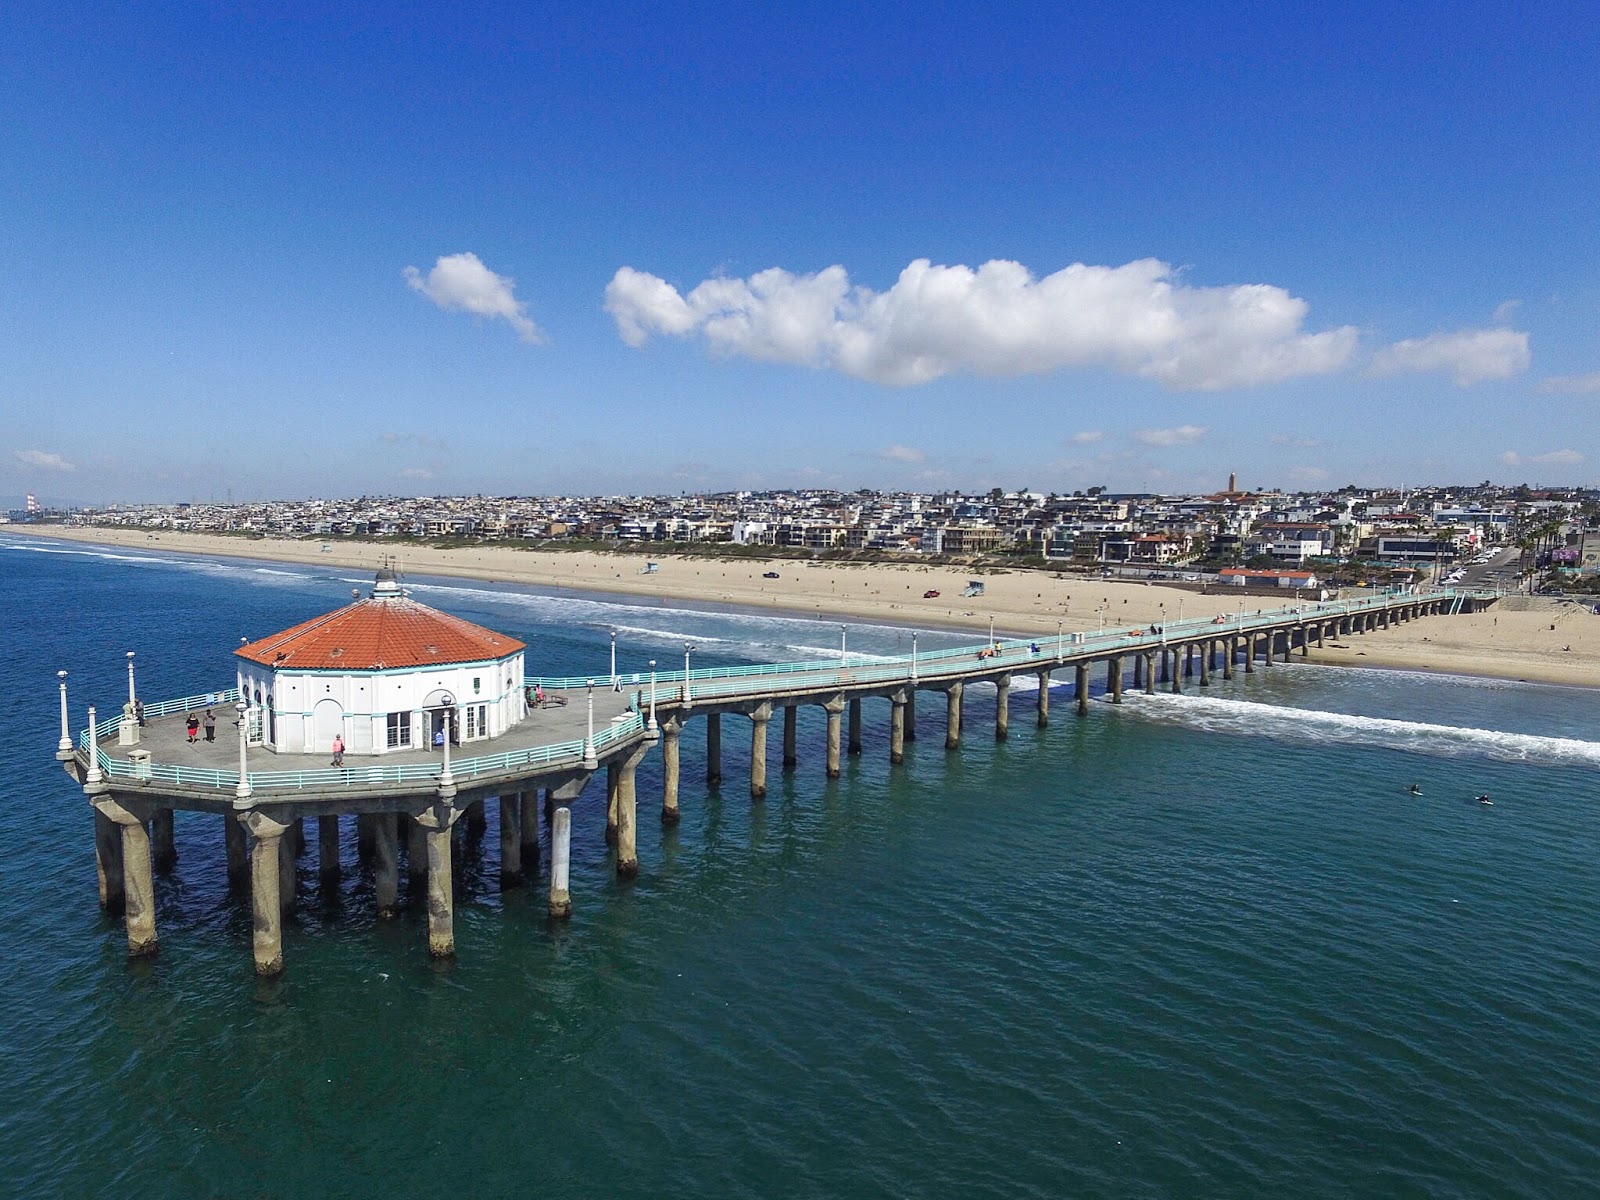 Photo of Hermosa Beach L.A. - popular place among relax connoisseurs
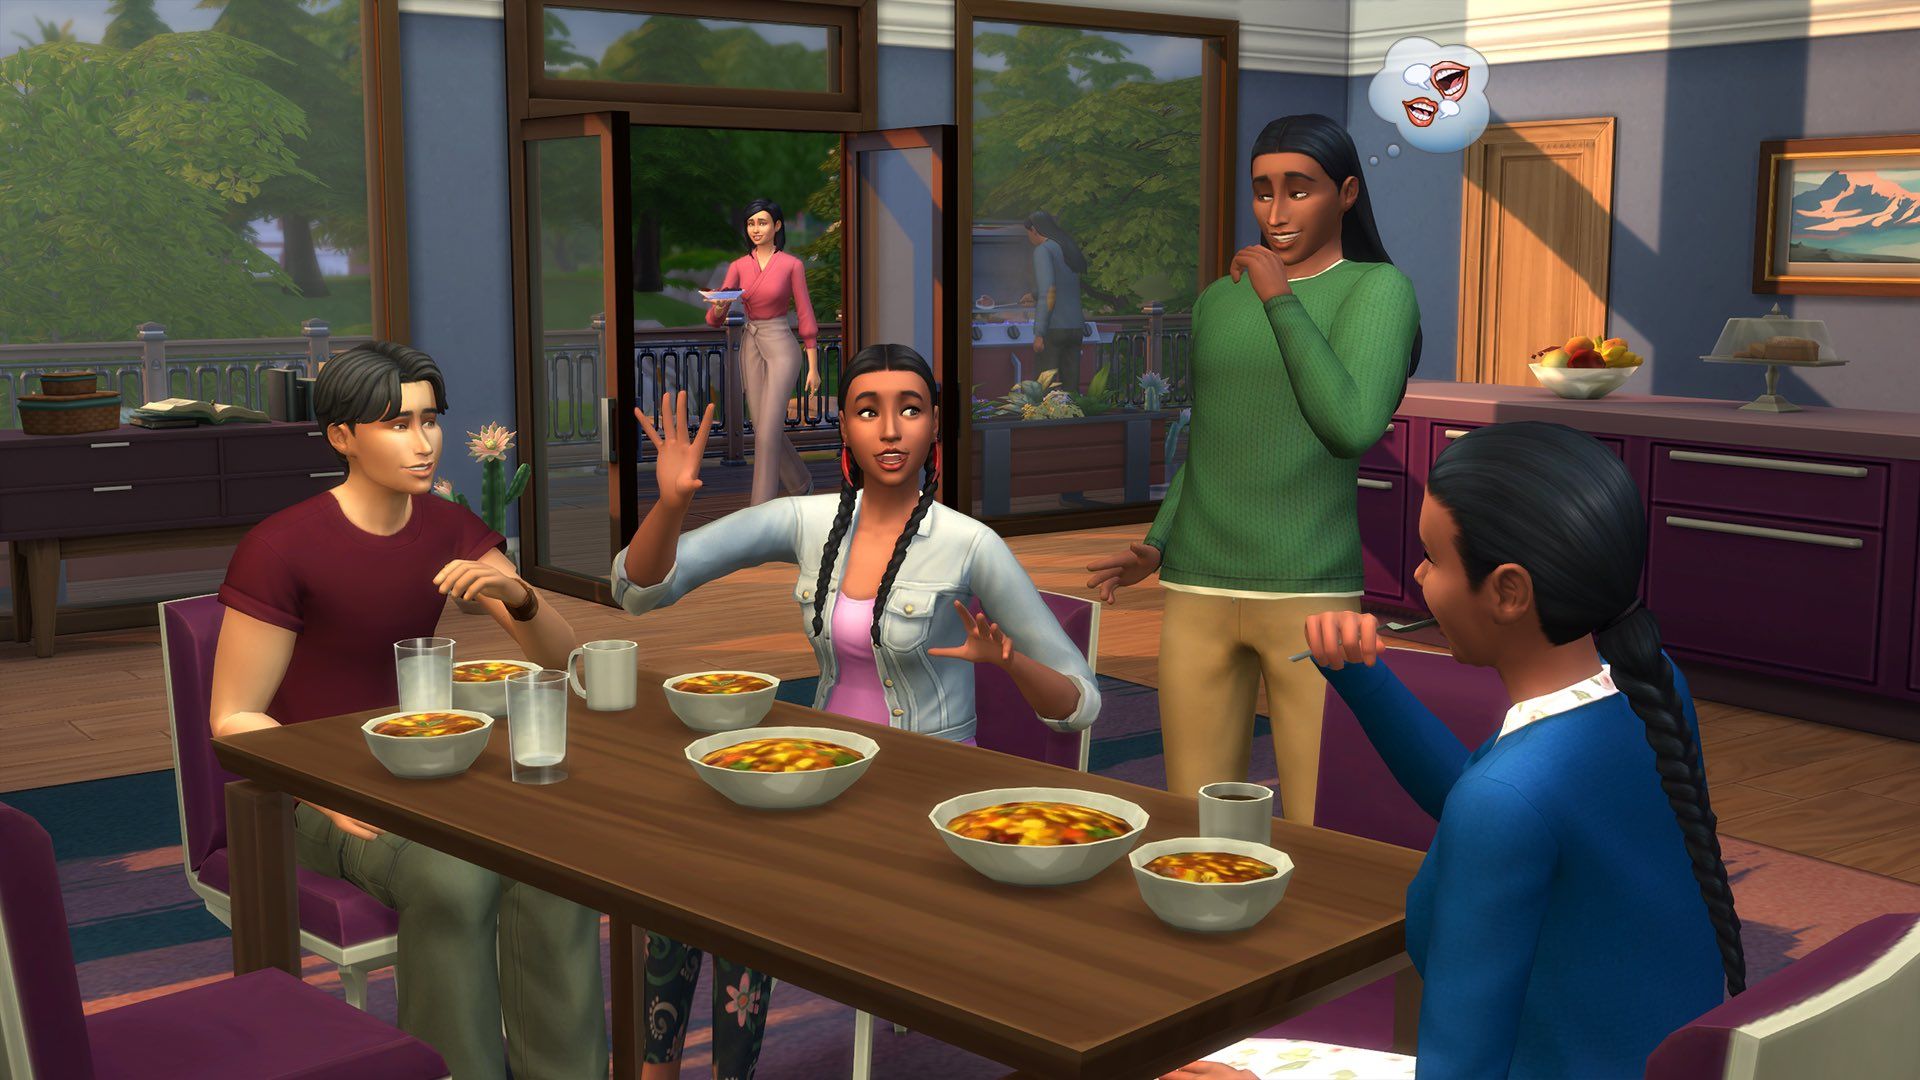 The Sims 4 Base Game Available FREE for a Limited Time (PC/Mac)
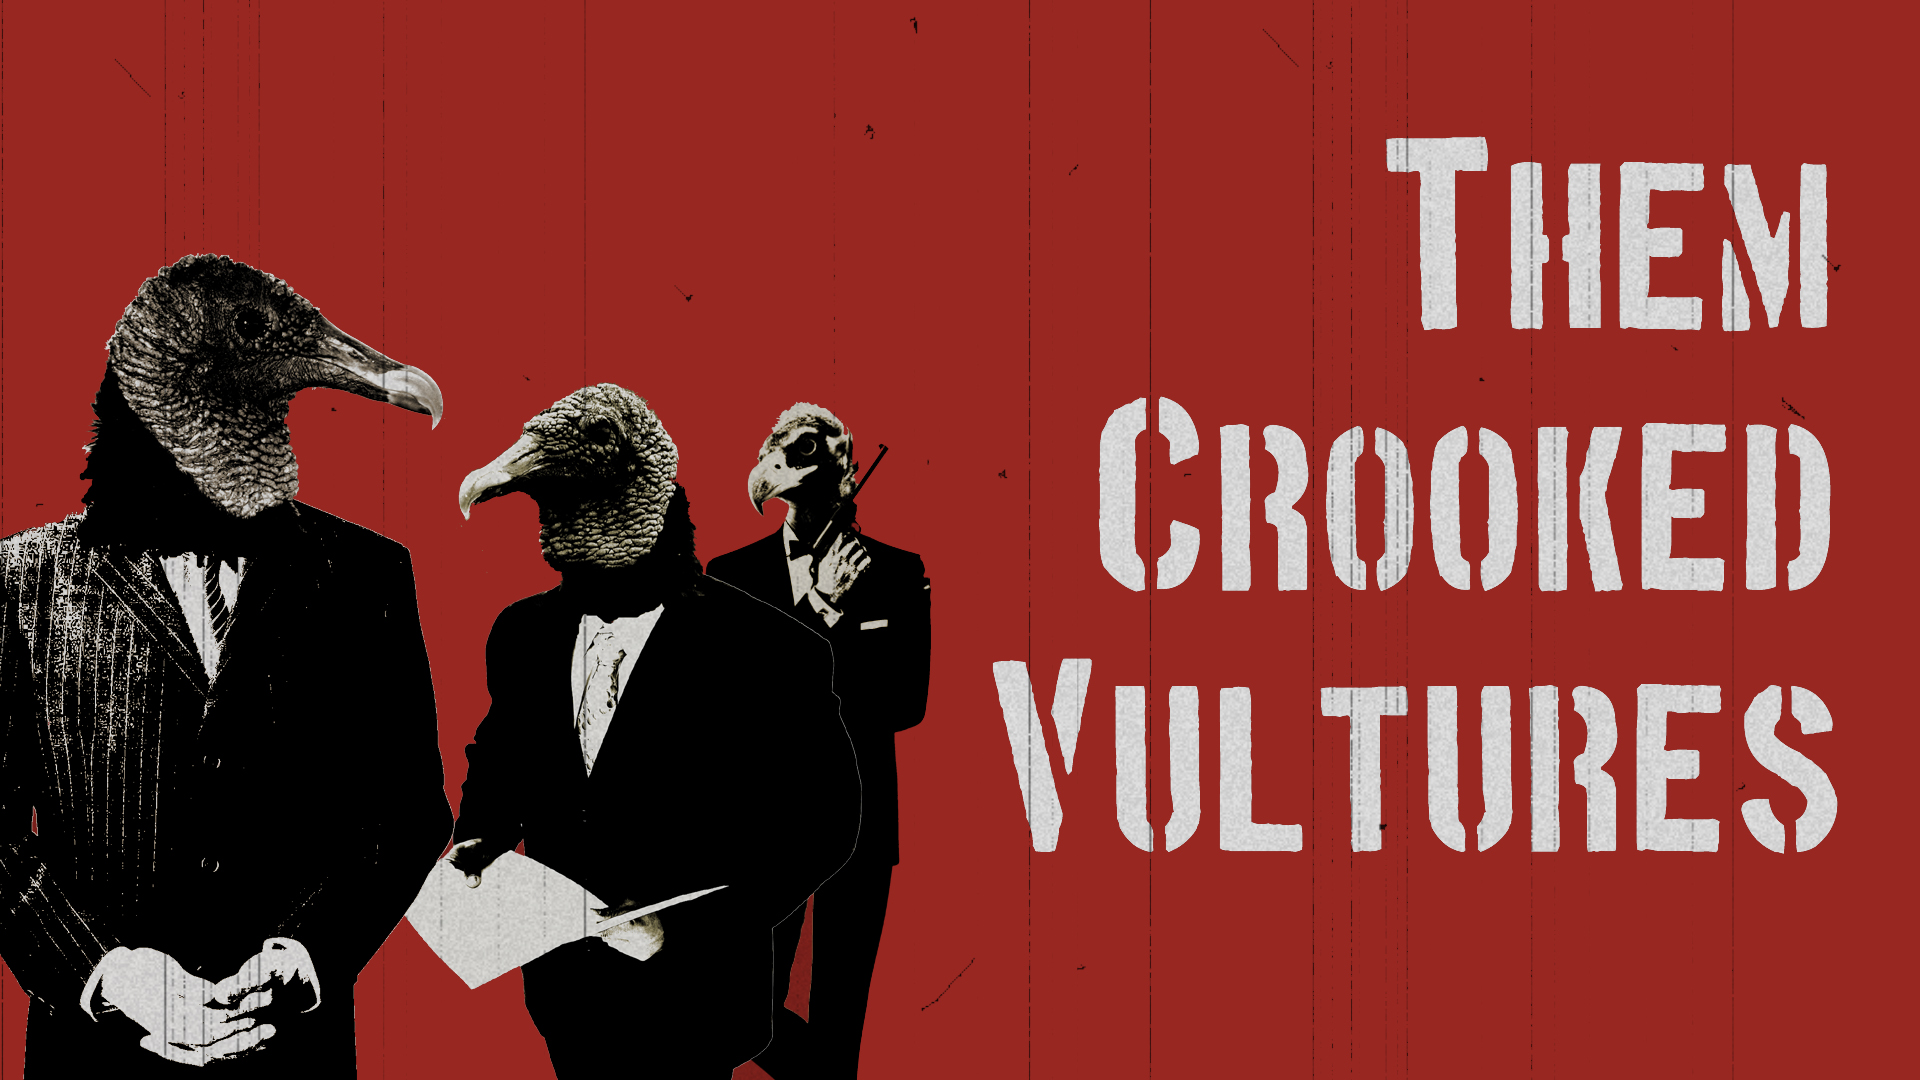 Them_Crooked_Vultures_v1_by_autoriot.jpg
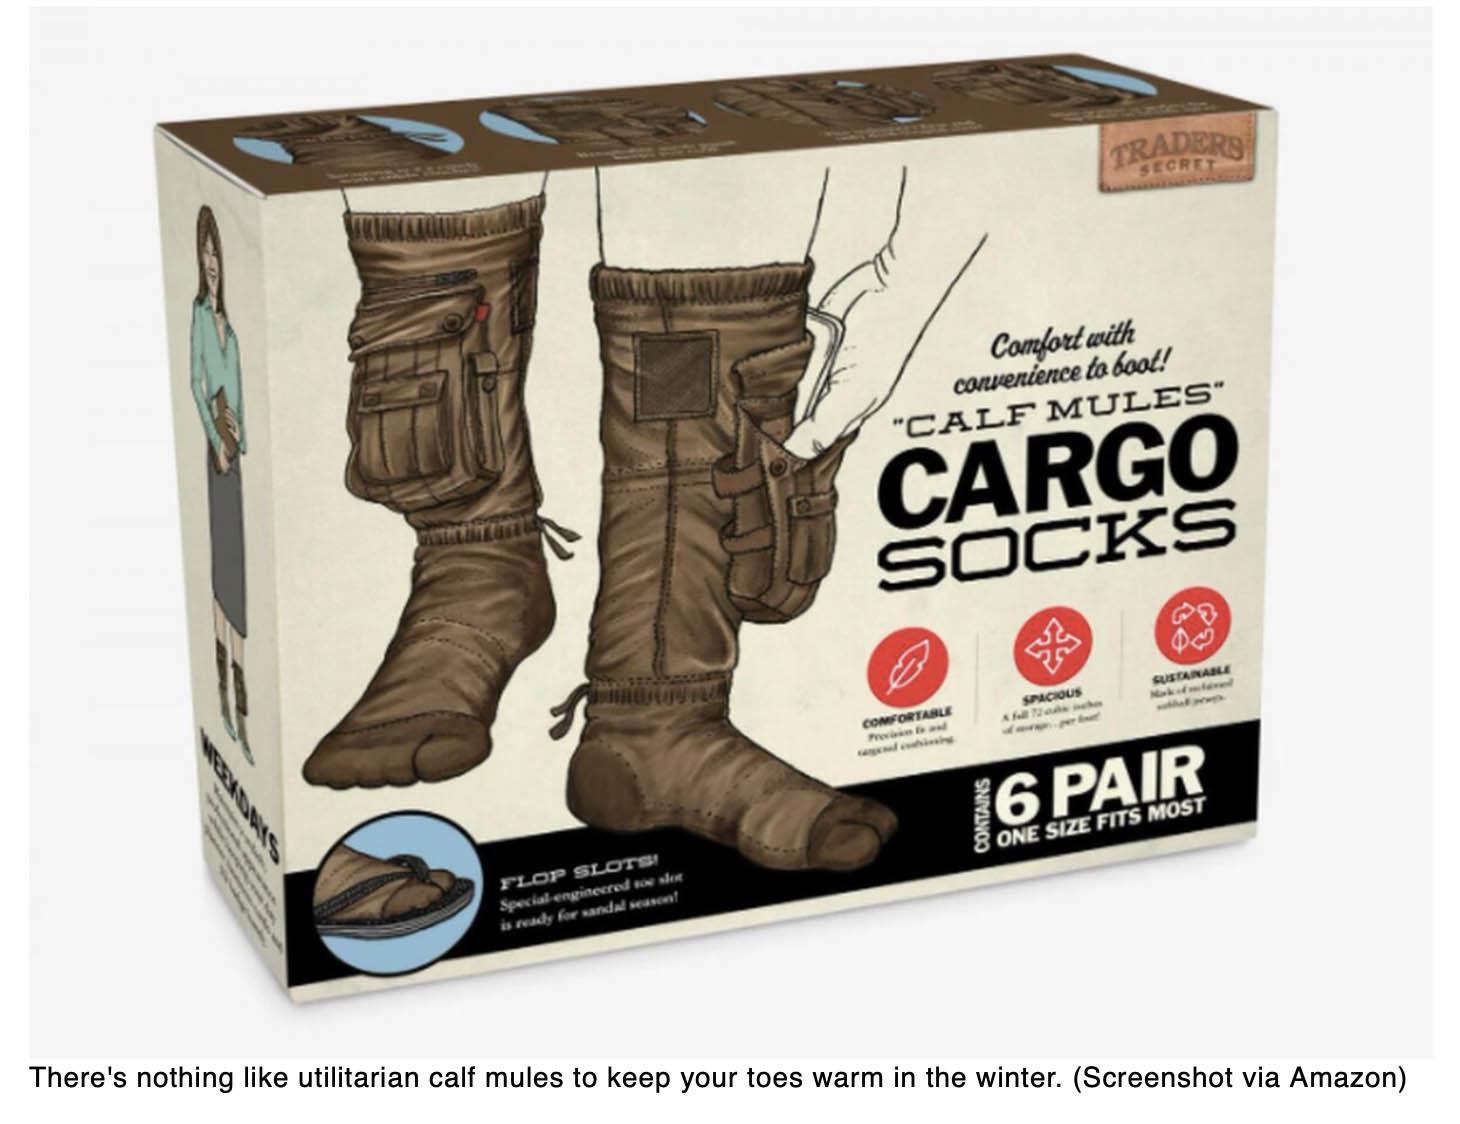  Behold! Cargo socks, the gift you never knew you needed

:: TASK STATEMENT ::
Write each line exactly as it appears, from the line that holds "The Sims 4 Base" through the closing line of the data above, and leave every picture out.

:: REPLY ::
 The Sims 4 Base Game Available FREE for a Limited Time (PC/Mac)
 Them_Crooked_Vultures_v1_by_autoriot.jpg
  Behold! Cargo socks, the gift you never knew you needed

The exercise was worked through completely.